* **Problem details**: The answer should consist of the records below, repeated exactly, and no pictures.

═══ Record excerpts

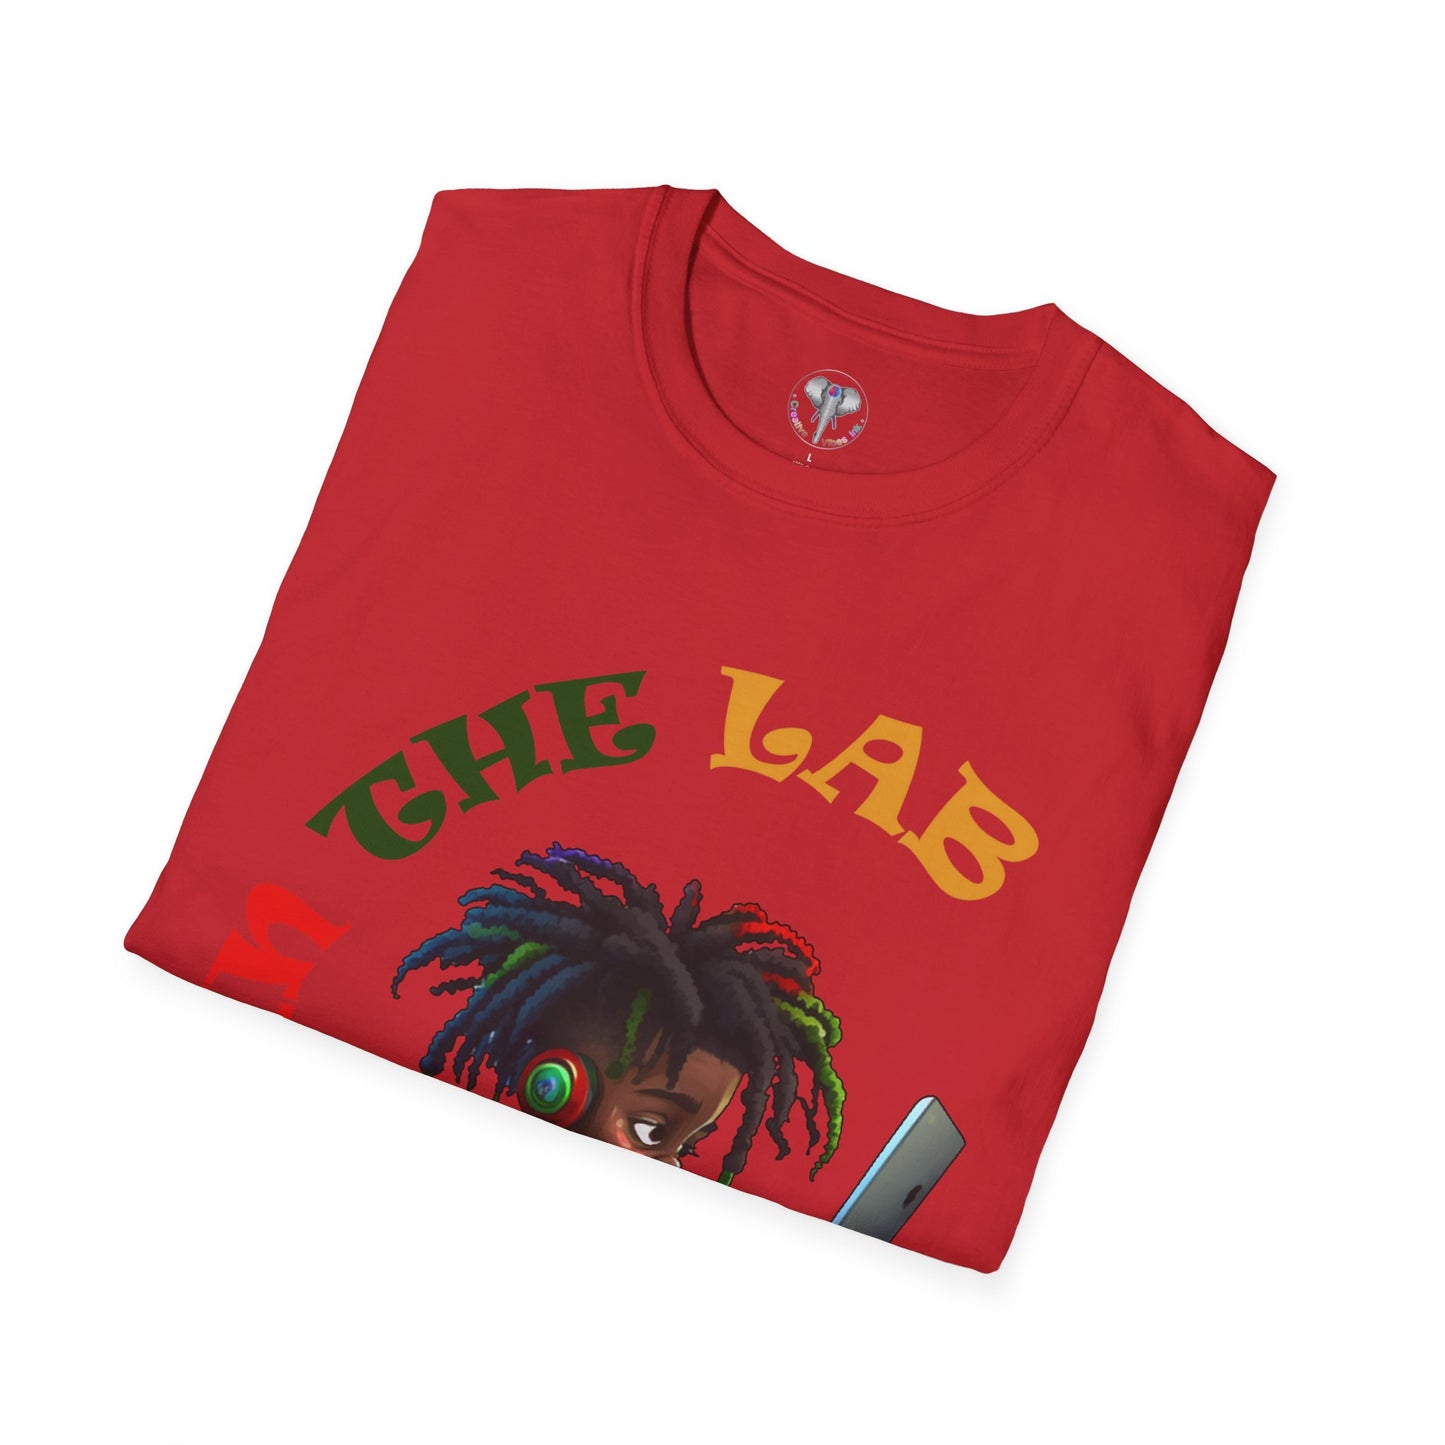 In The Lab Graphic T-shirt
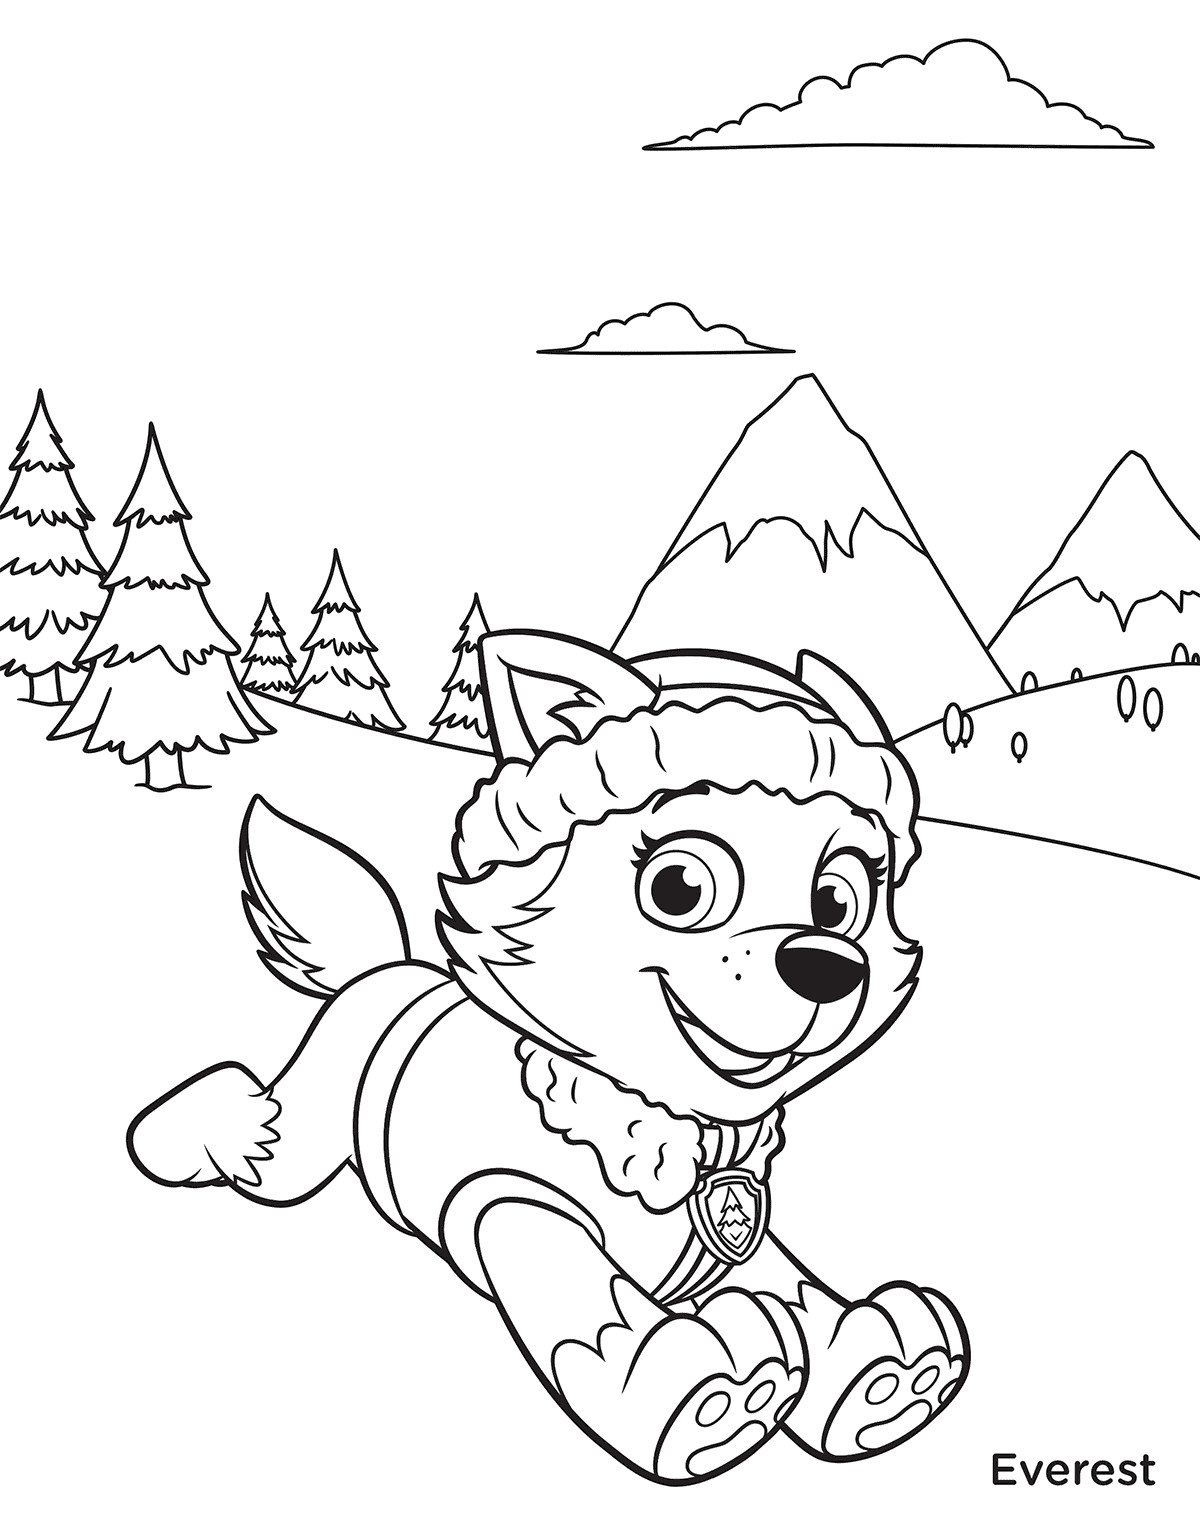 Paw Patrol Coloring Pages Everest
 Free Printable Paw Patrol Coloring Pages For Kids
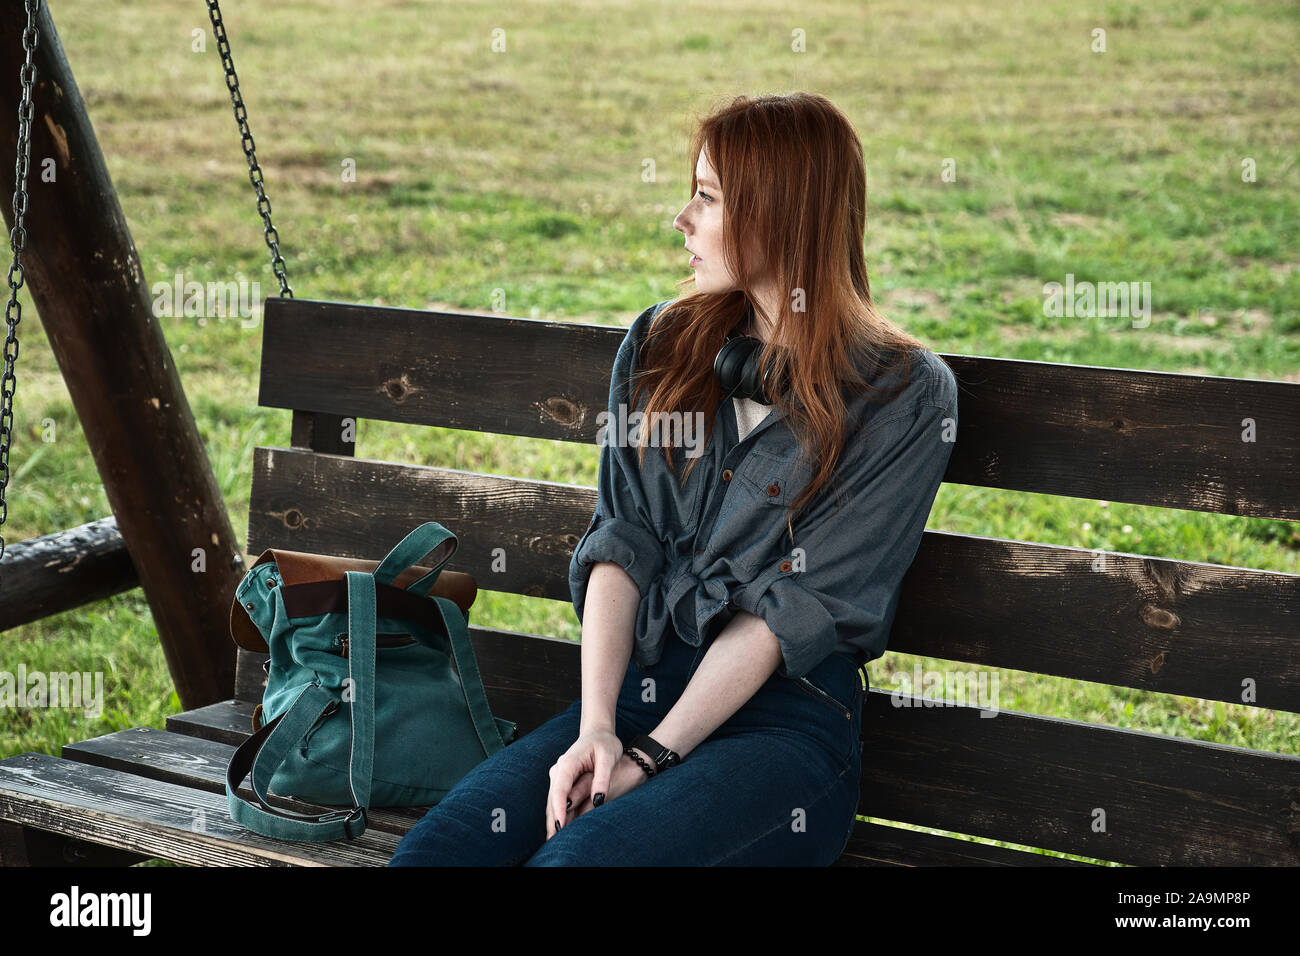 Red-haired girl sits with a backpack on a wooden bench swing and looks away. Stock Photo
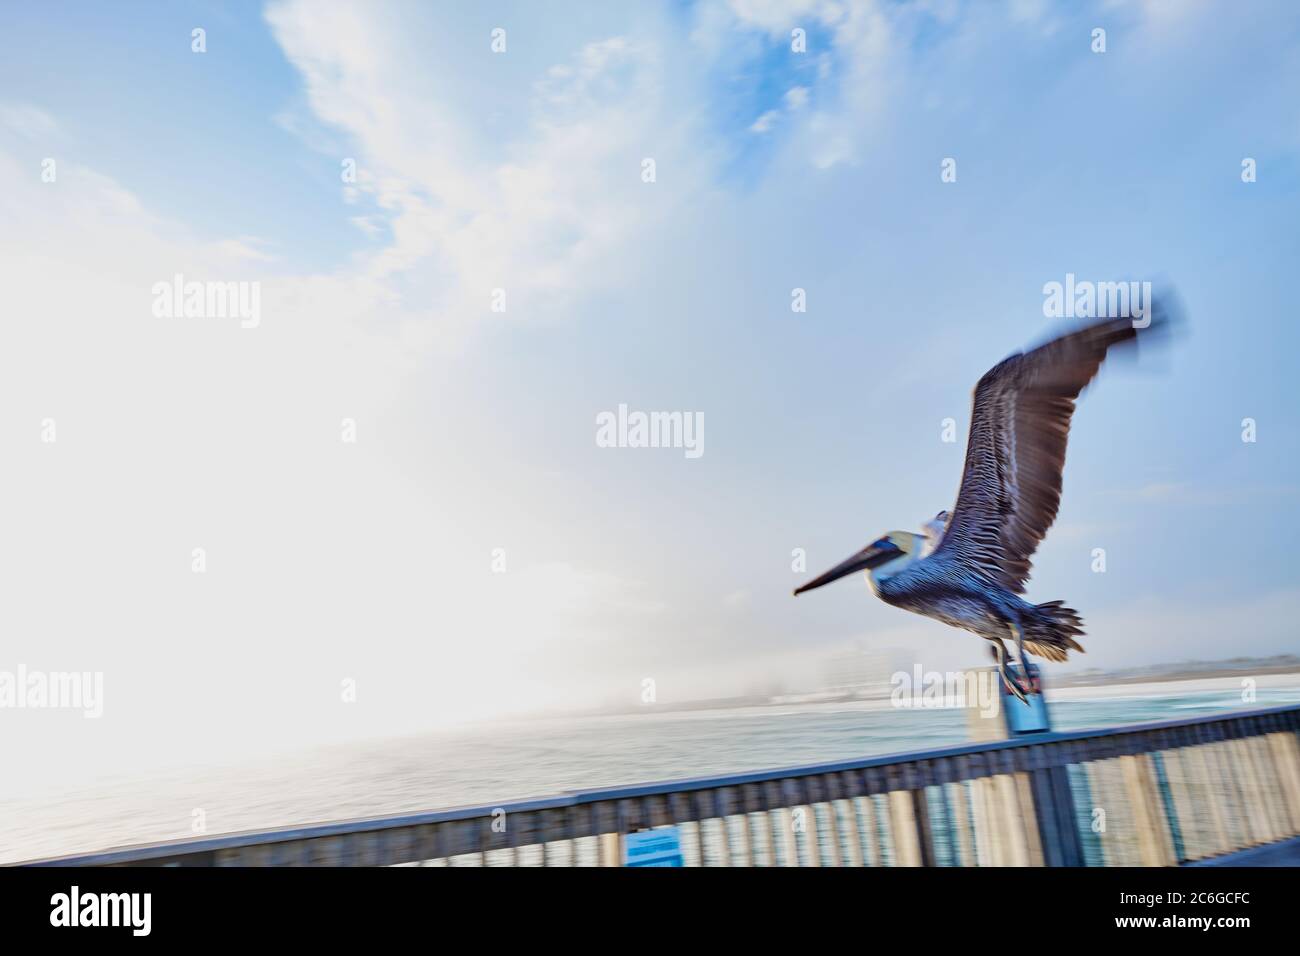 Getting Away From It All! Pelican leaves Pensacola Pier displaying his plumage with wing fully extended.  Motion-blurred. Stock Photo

══════

* **Task result**:
 In The Lab Graphic T-shirt
 Paw Patrol Coloring Pages Everest
 Free Printable Paw Patrol Coloring Pages For Kids
 Red-haired girl sits with a backpack on a wooden bench swing and looks away. Stock Photo
 Getting Away From It All! Pelican leaves Pensacola Pier displaying his plumage with wing fully extended.  Motion-blurred. Stock Photo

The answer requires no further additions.